その後の1600年代に、挿絵を折り込んだために偶然しかけになった文学書が登場しますが、しかけ絵本が盛んになるのは、1700年代後半〜1800年代にかけて。
上流階級の子どもたちの間で流行したドールハウスを絵本に取り入れたり、絵本やおもちゃの出版社が次々創業されるなど、作家たちの工夫とともに、多くのしかけ絵本が刊行されるようになります。

しかけの種類と精巧な細工の数々

ひと口に「しかけ絵本」といっても種類はさまざまです。
本展では、「飛び出す絵本」といわれるポップアップ式や、つまみを引っ張ると絵が動くプルタブ式などの代表的なものから、音が出るもの、劇場型、展開型など10種類のしかけが紹介されています。
日本の浮世絵師による「おもちゃ絵」なども展示されていますが、精巧な細工に驚くでしょう。
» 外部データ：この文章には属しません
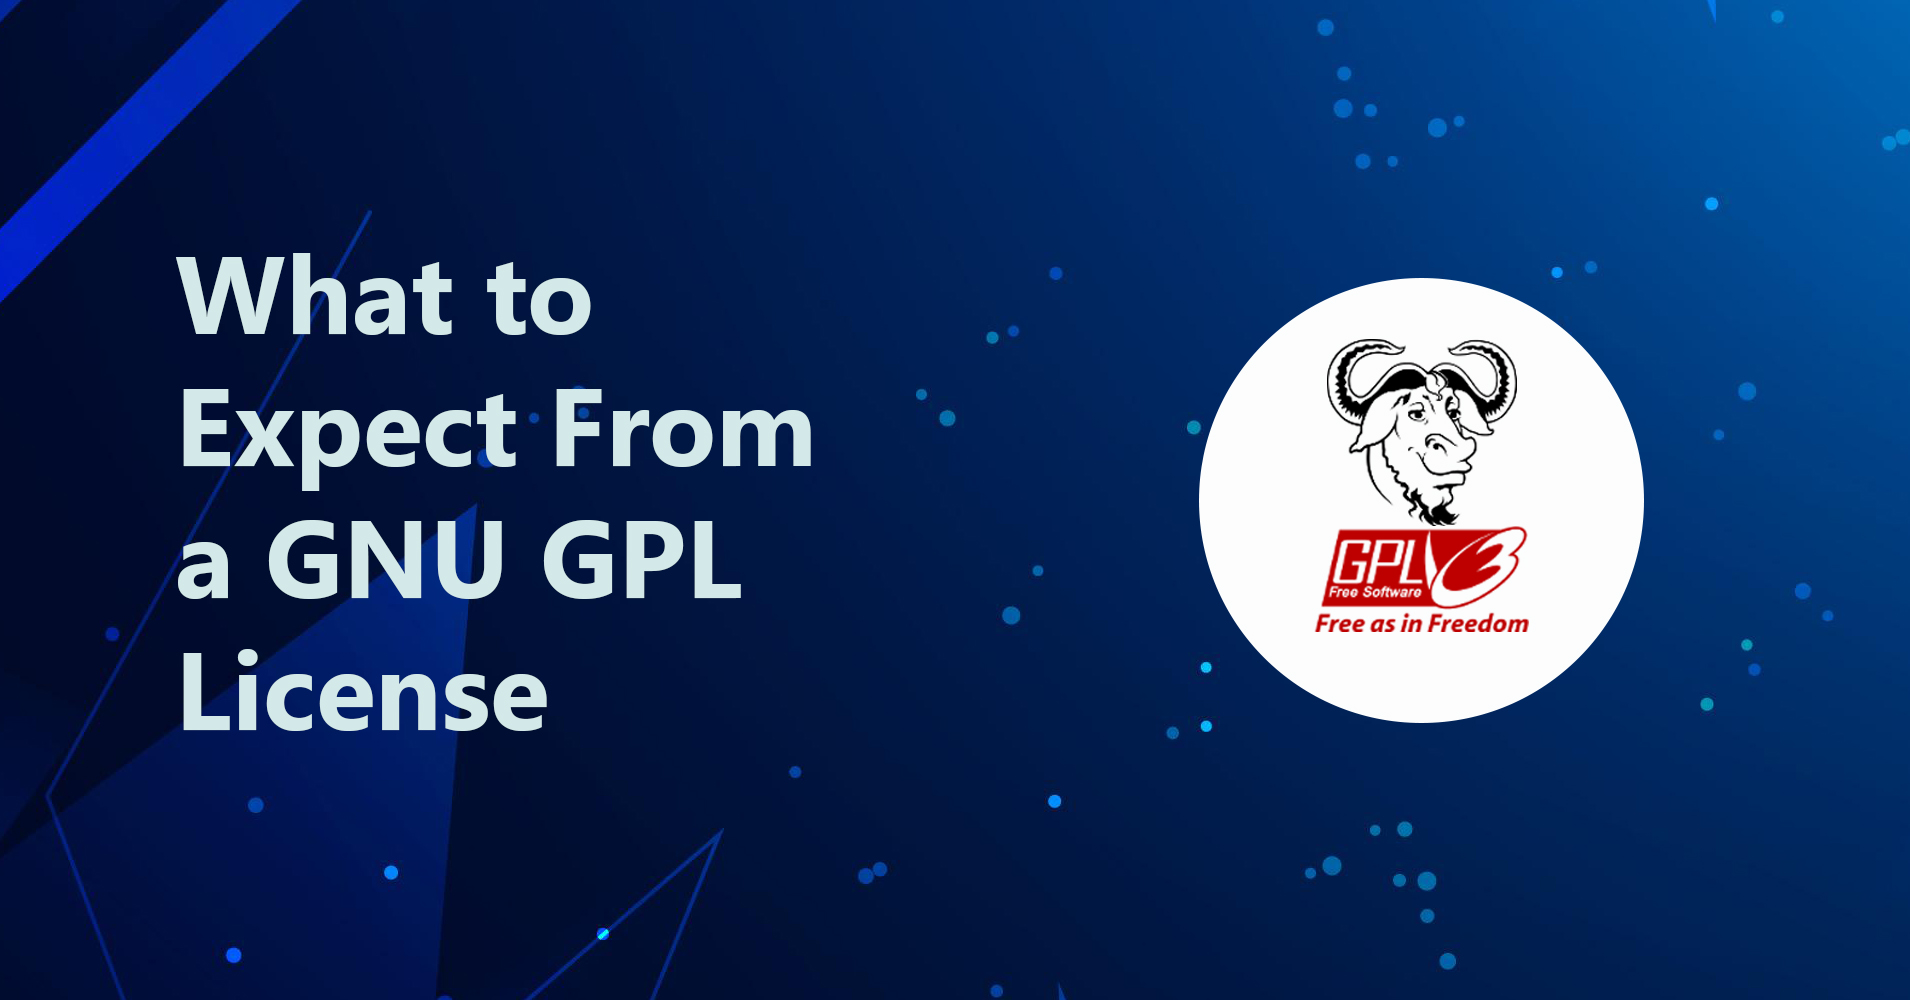 GNU GPL License Featured Image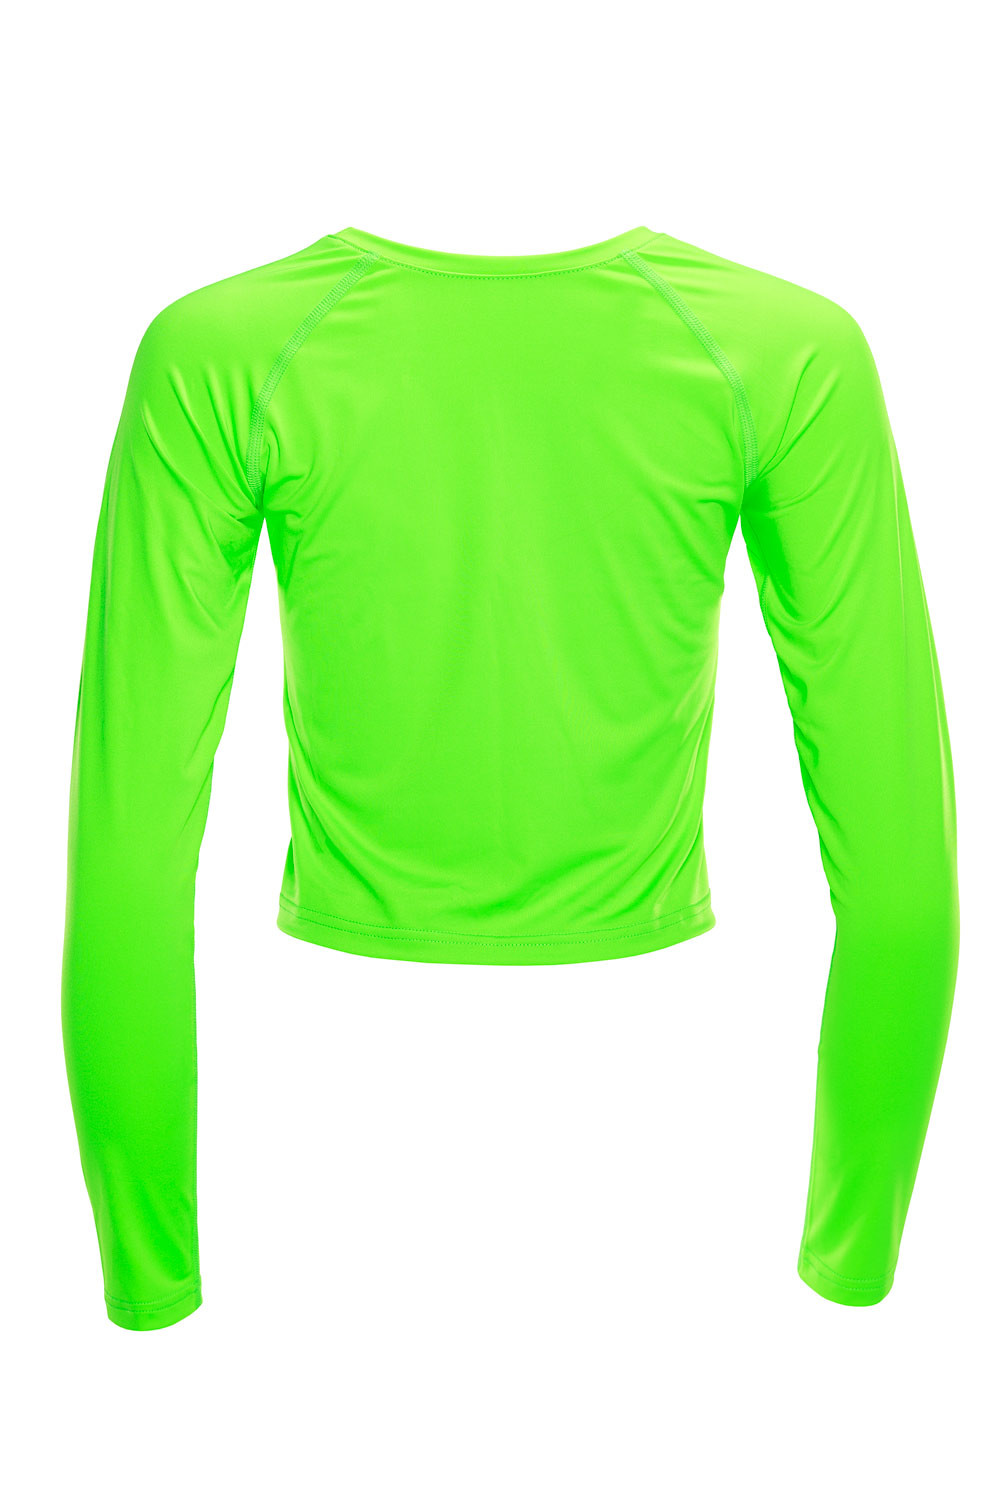 Functional Light grün, Cropped Top Winshape Style AET116, Long neon Sleeve Slim

さまざまな昔のしかけ絵本がきれいな状態で見られるのも貴重です。
絵本や童話に触れて魅力を知ってほしい
最近昔話や童話を知らない子どもが増えているのでは、と言う本展担当の学芸員は「『赤ずきん』など世界中で愛されているお話のしかけ絵本を紹介したり、実際に絵本を手に取って読めるコーナー、童話の一場面を再現したフォトスポットなども用意したので、親子で楽しんでほしい」と言います。
何度もページを開きたくなる、ついつまみを引っ張りたくなるなど、しかけ絵本には子どもを飽きさせない工夫がたくさんあるので、本に親しむ良いきっかけになるに違いありません。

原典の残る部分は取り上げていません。